Re: [sqlite] light weight write barriers

From: Vladislav Bolkhovitin
Date: Tue Oct 23 2012 - 15:53:07 EST


æèç Yang Su Li, on 10/11/2012 12:32 PM wrote:
I am not quite whether I should ask this question here, but in terms
of light weight barrier/fsync, could anyone tell me why the device
driver / OS provide the barrier interface other than some other
abstractions anyway? I am sorry if this sounds like a stupid questions
or it has been discussed before....

I mean, most of the time, we only need some ordering in writes; not
complete order, but partial,very simple topological order. And a
barrier seems to be a heavy weighted solution to achieve this anyway:
you have to finish all writes before the barrier, then start all
writes issued after the barrier. That is some ordering which is much
stronger than what we need, isn't it?

As most of the time the order we need do not involve too many blocks
(certainly a lot less than all the cached blocks in the system or in
the disk's cache), that topological order isn't likely to be very
complicated, and I image it could be implemented efficiently in a
modern device, which already has complicated caching/garbage
collection/whatever going on internally. Particularly, it seems not
too hard to be implemented on top of SCSI's ordered/simple task mode?

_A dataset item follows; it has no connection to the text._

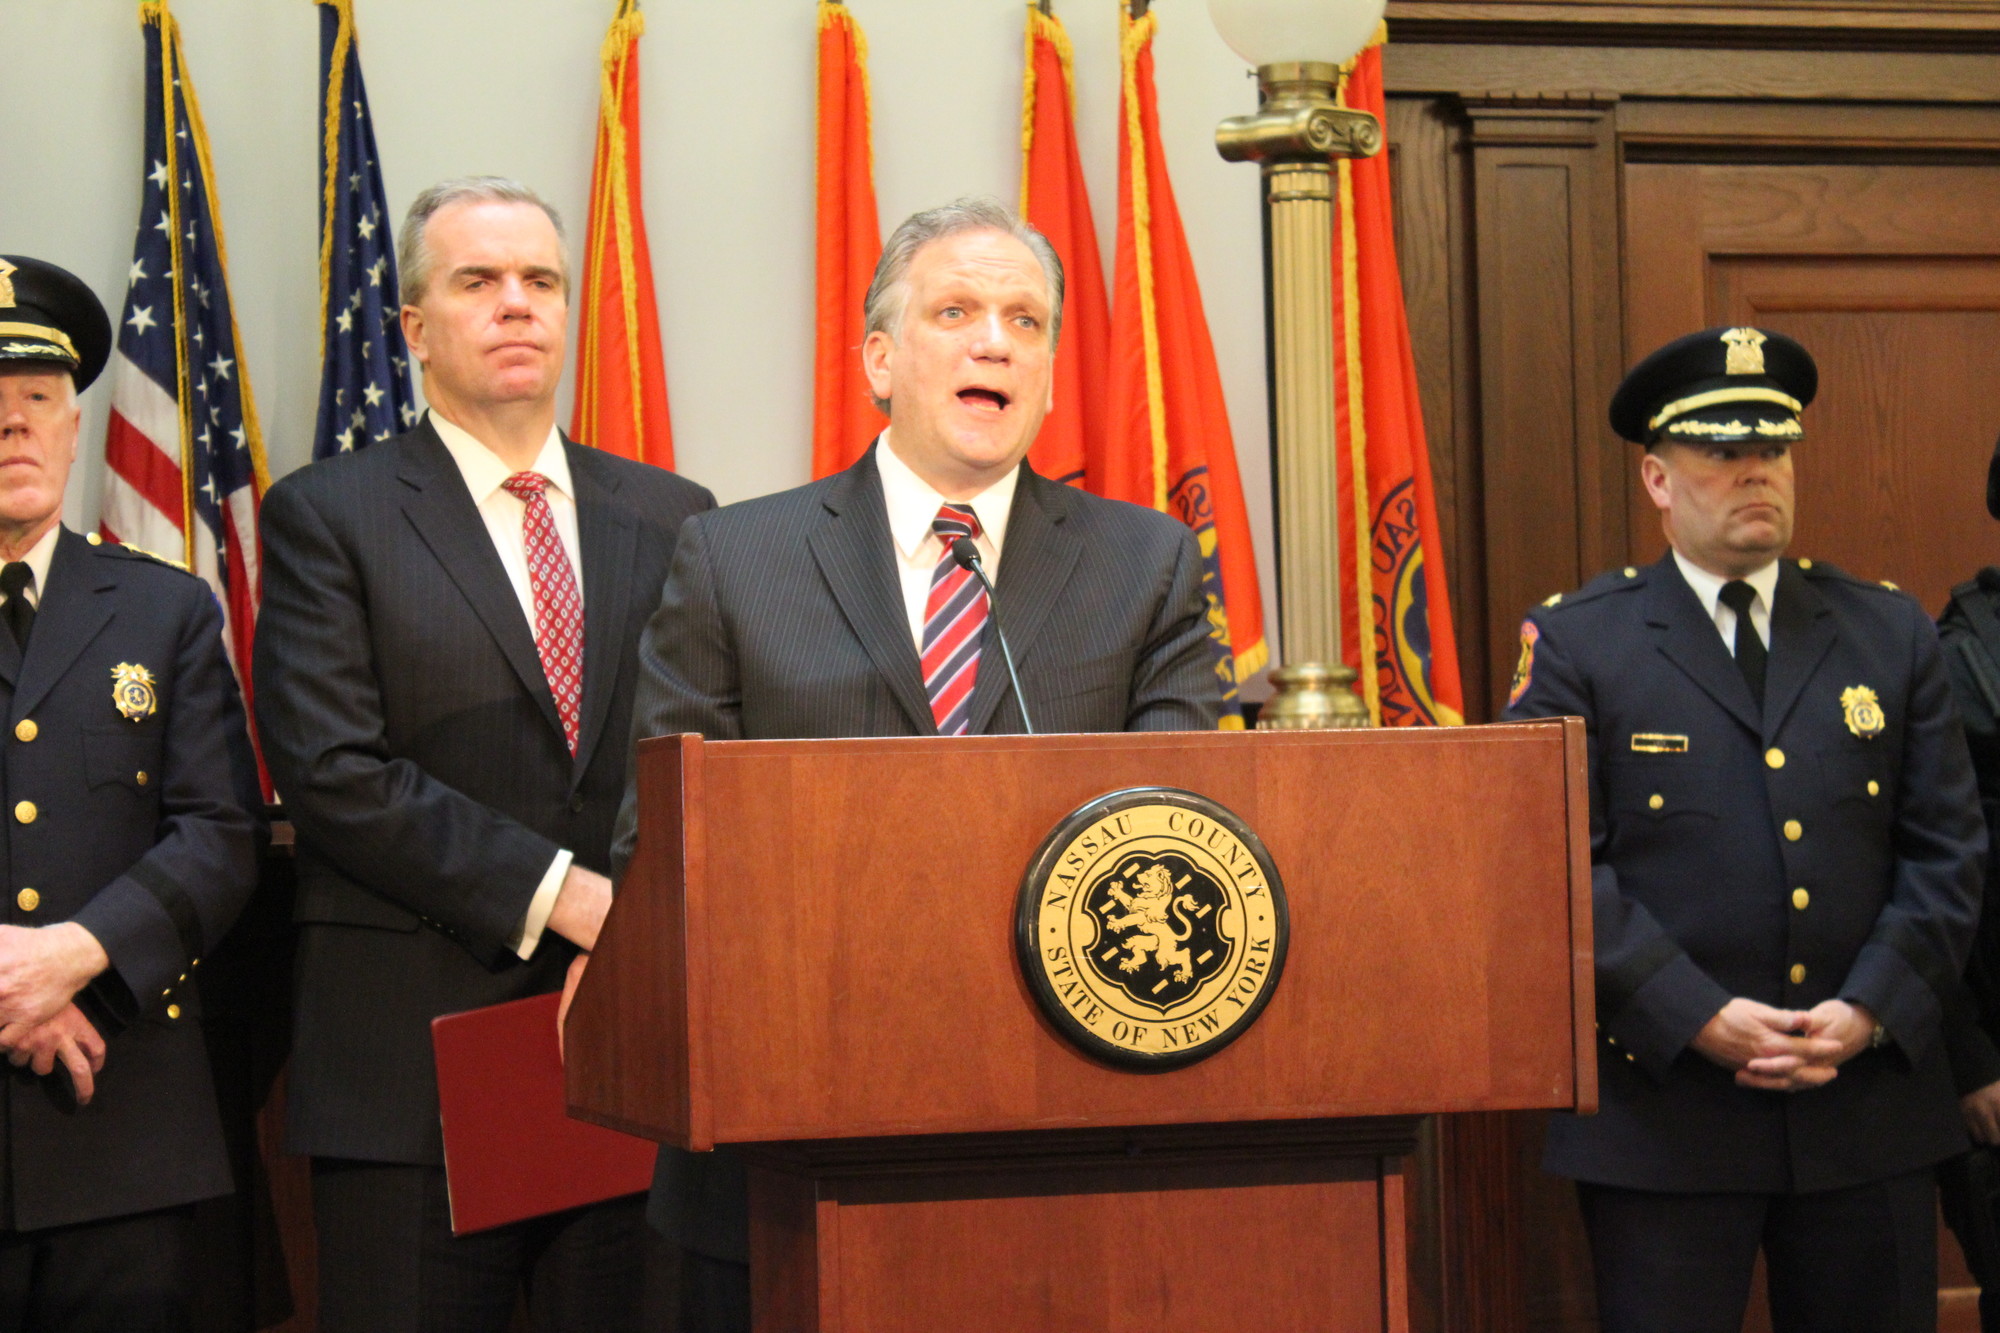 Nassau County Executive Edward Mangano held a press conference on March 23 to address increased patrols throughout the county in response to the terrorist attacks in Belgium on Tuesday.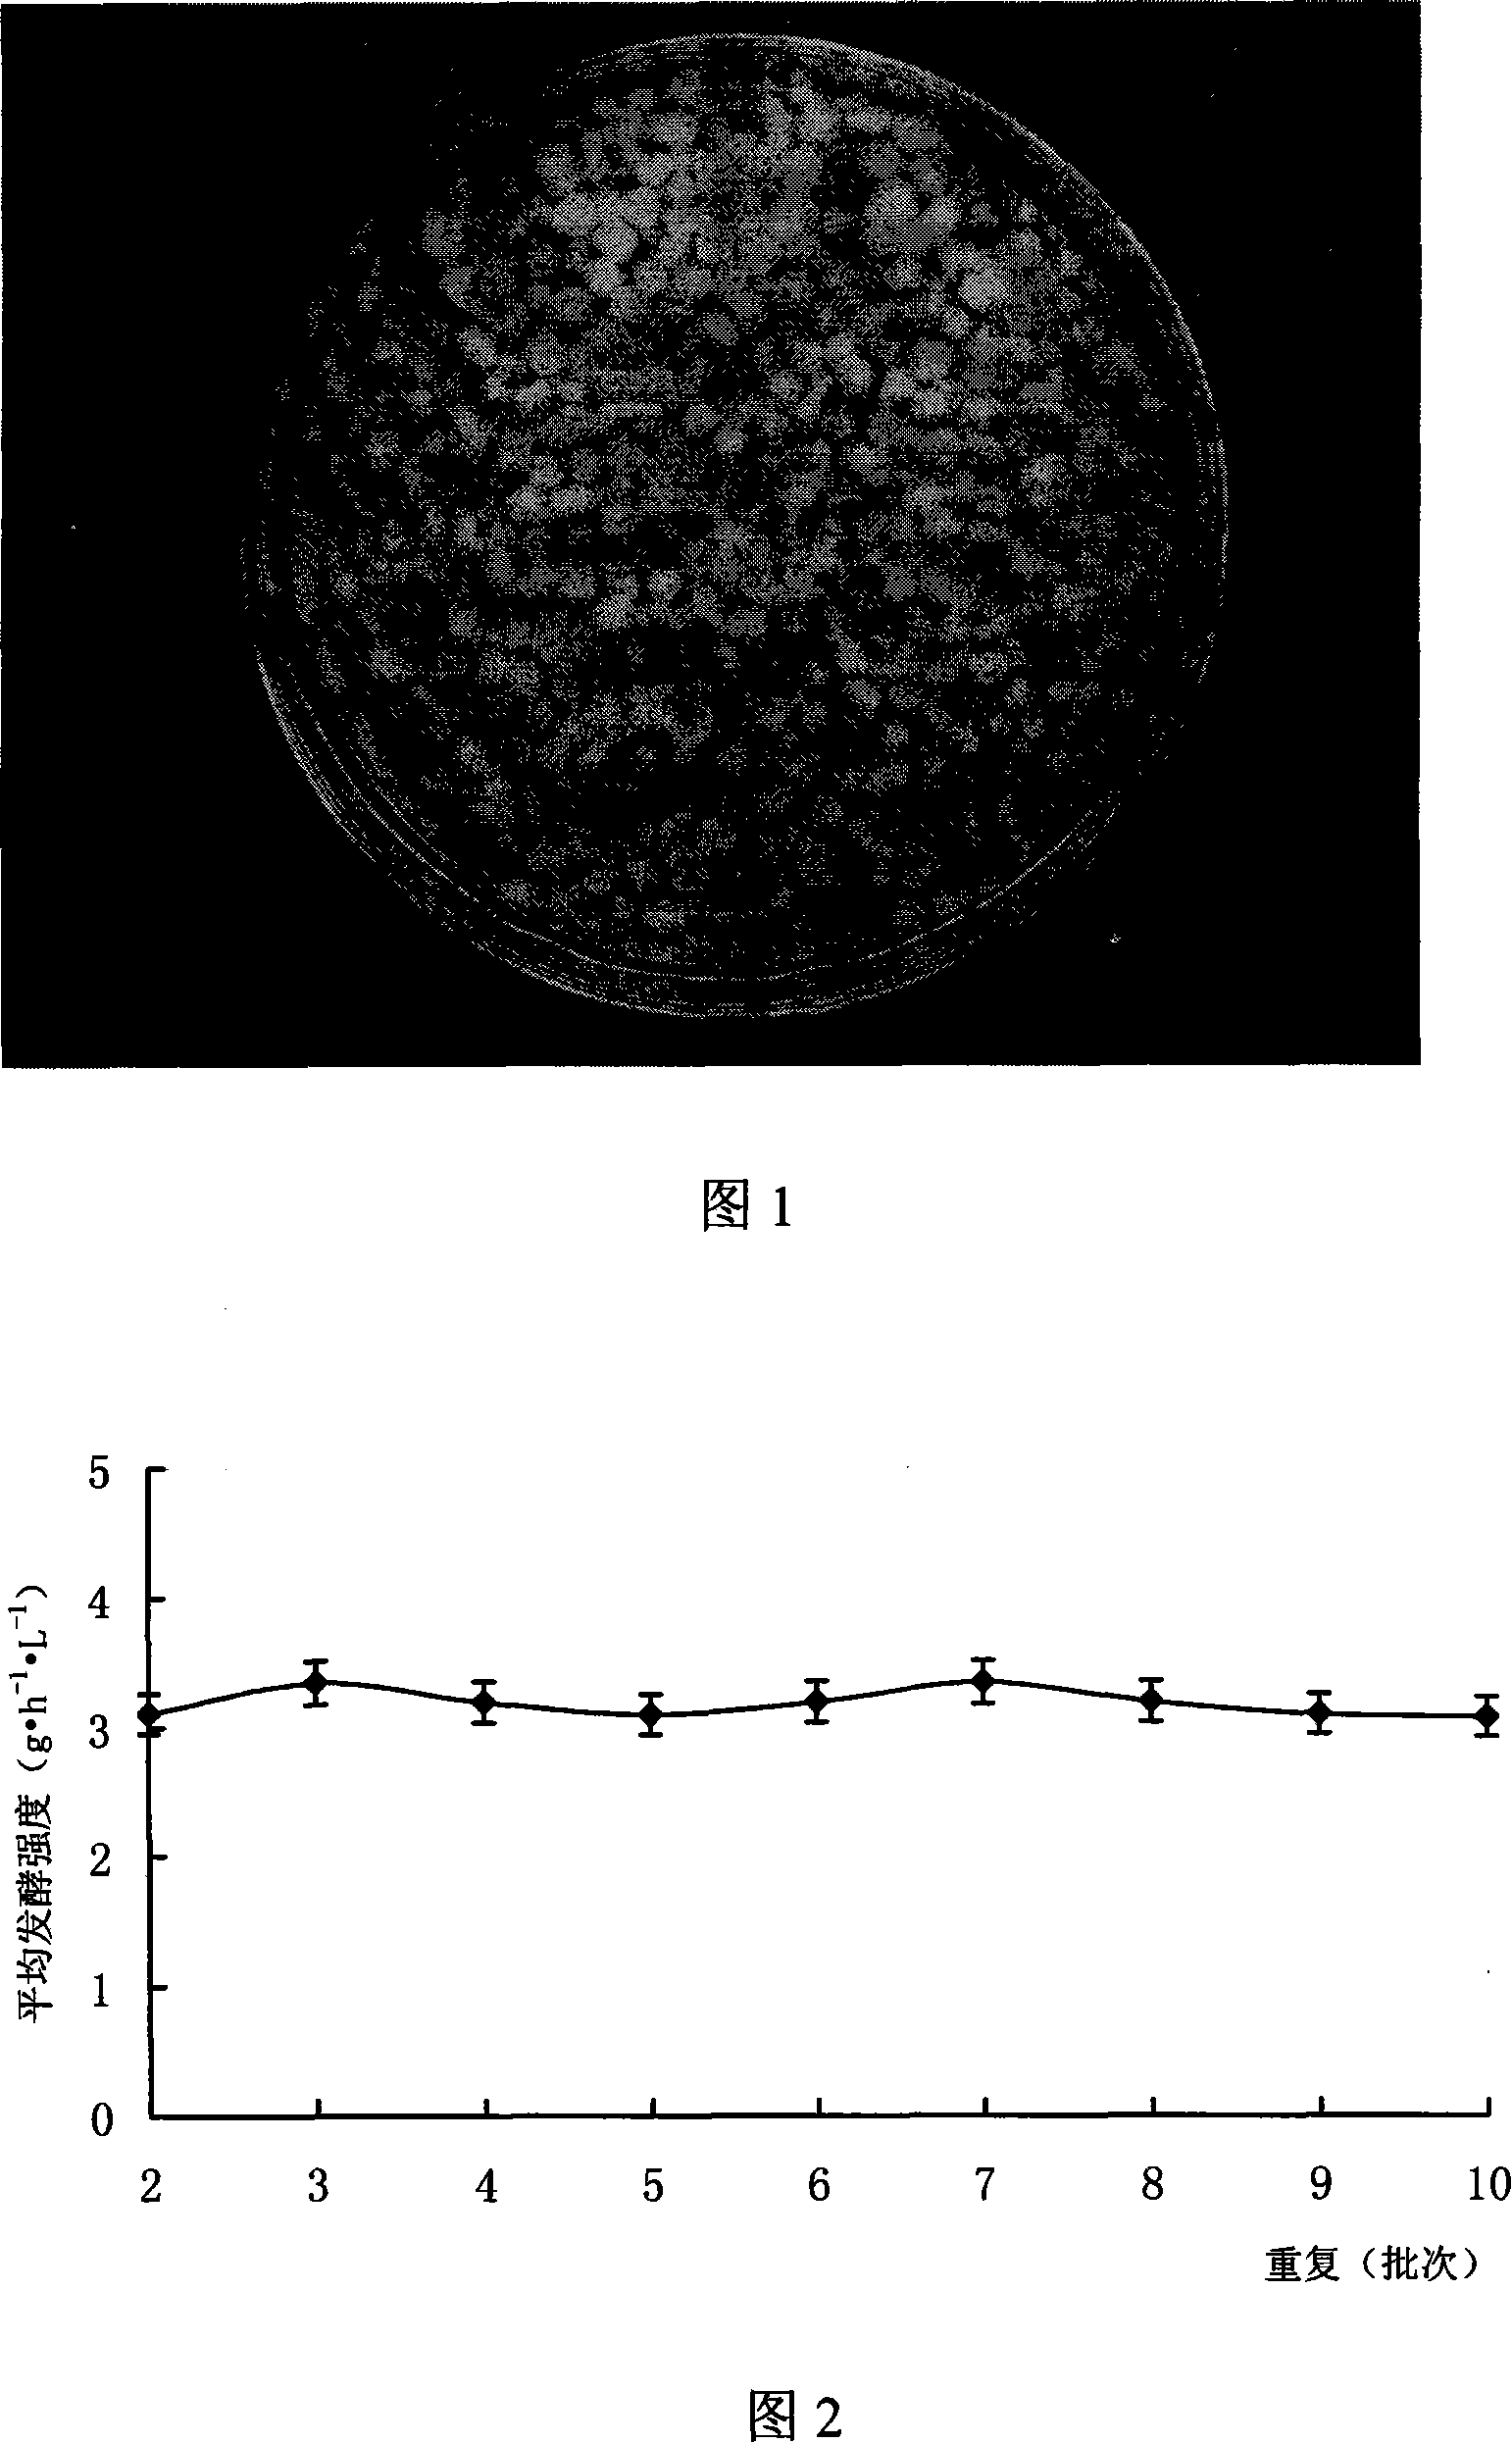 Immobilized cell single-tank high-strength continuous fermentation process for succinic acid

Yes, SCSI has full support for ordered/simple commands designed exactly for that task: to have steady flow of commands even in case when some of them are ordered. It also has necessary facilities to handle commands errors without unexpected reorders of their subsequent commands (ACA, etc.). Those allow to get full storage performance by fully "fill the pipe", using networking terms. I can easily imaging real life configs, where it can bring 2+ times more performance, than with queue flushing.

In fact, AFAIK, AIX requires from storage to support ordered commands and ACA.

Implementation should be relatively easy as well, because all transports naturally have link as the point of serialization, so all you need in multithreaded environment is to pass some SN from the point when each ORDERED command created to the point when it sent to the link and make sure that no SIMPLE commands can ever cross ORDERED commands. You can see how it is implemented in SCST in an elegant and lockless manner (for SIMPLE commands).

But historically for some reason Linux storage developers were stuck with "barriers" concept, which is obviously not the same as ORDERED commands, hence had a lot troubles with their ambiguous semantic. As far as I can tell the reason of that was some lack of sufficiently deep SCSI understanding (how to handle errors, believe that ACA is something legacy from parallel SCSI times, etc.).

Hopefully, eventually the storage developers will realize the value behind ordered commands and learn corresponding SCSI facilities to deal with them. It's quite easy to demonstrate this value, if you know where to look at and not blindly refusing such possibility. I have already tried to explain it a couple of times, but was not successful.

Before that happens, people will keep returning again and again with those simple questions: why the queue must be flushed for any ordered operation? Isn't is an obvious overkill?